Qualifying ends; no Dems
Qualifying for the 2012 election ended Friday with 20 local Republicans and zero Democrats on the March primary election ballot.
Party chairs were stationed at the Covington County Courthouse until 5 p.m. to accept any last-minute qualifying papers.
“With 20 Republican candidates running for various offices, I think that is an amazing turnout,” said local Republican Chairman William “Bill” Blocker.
Blocker said only one additional person qualified during the day – Stephanie Stewart Cotton, a local attorney, for the position of circuit clerk. He said Cotton submitted her qualifying papers to the state office, as required by law. Roger Powell, the current circuit clerk, is not seeking re-election, and another local attorney, Amy Jones, has also qualified for the seat.
“We do have two other races that could prove to be very exciting – that for county commission chair and commissioner for District 2,” Blocker said. “In both those races, there are three people seeking the office, which means there is a high probability for a run-off for the positions.”
The run-off election, if necessary, will be held on April 24.
Blocker said this is the first time at running for public office for many candidates.

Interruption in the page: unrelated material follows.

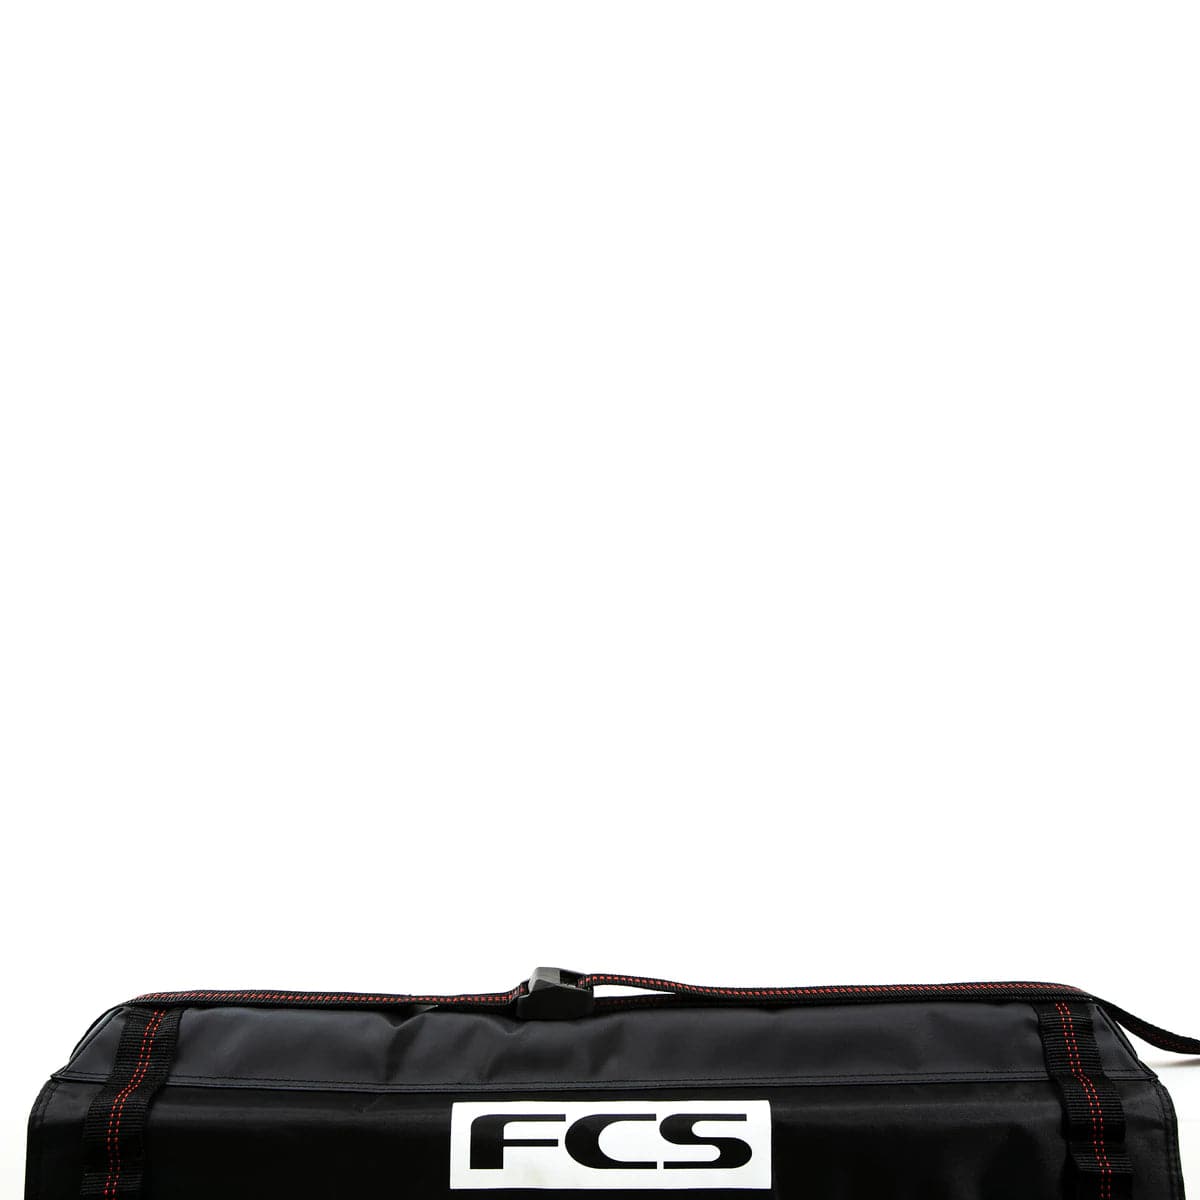 Featuring the FCS Tail Gate System sup accessory, sup fin manufactured by FCS shown here from a second angle.

“It’s interesting that we have a lot of ‘new blood’ in the races,” he said. “I think 20 candidates, that number is unprecedented in our local party race. I doubt we’ve ever had that many candidates before.”
Billy Hughes, local Democratic chairman, said the day ended just as he expected – with no local Democratic Party candidates on the ballot.
“When I was offered the job (of party chair) I said, ‘No,’ but later realized there’s nowhere to go but up,” he said. “Things will turn around. It may take a while, but it will happen.
“Still, I don’t begrudge the Republicans,” he said. “They’ve got some good people running on the ticket. My advice is to pick a good one and support them. There’s some that are still Democrats at heart, but just didn’t think they can get elected on the Democratic ticket.
“I respect their opinion,” he said. “Don’t agree with it, though. It doesn’t matter what party you’re with in a local election, because people don’t vote for the party. They vote for the person.”
Locals will have at least two opportunities to meet and greet candidates. The first will be held on Jan. 31 at Oakwood Lodge in Andalusia from 5 p.m. until 8 p.m. with a free bar-be-que dinner sponsored by the local Republican Party. To RSVP, call 334-222-1934.
“If you are going to vote in this election, you need to come out and meet the candidates,” Blocker said.
The second opportunity is a political rally sponsored by the Tri-Cities Chamber of Commerce and the county Republican Party on Feb. 17 in Florala.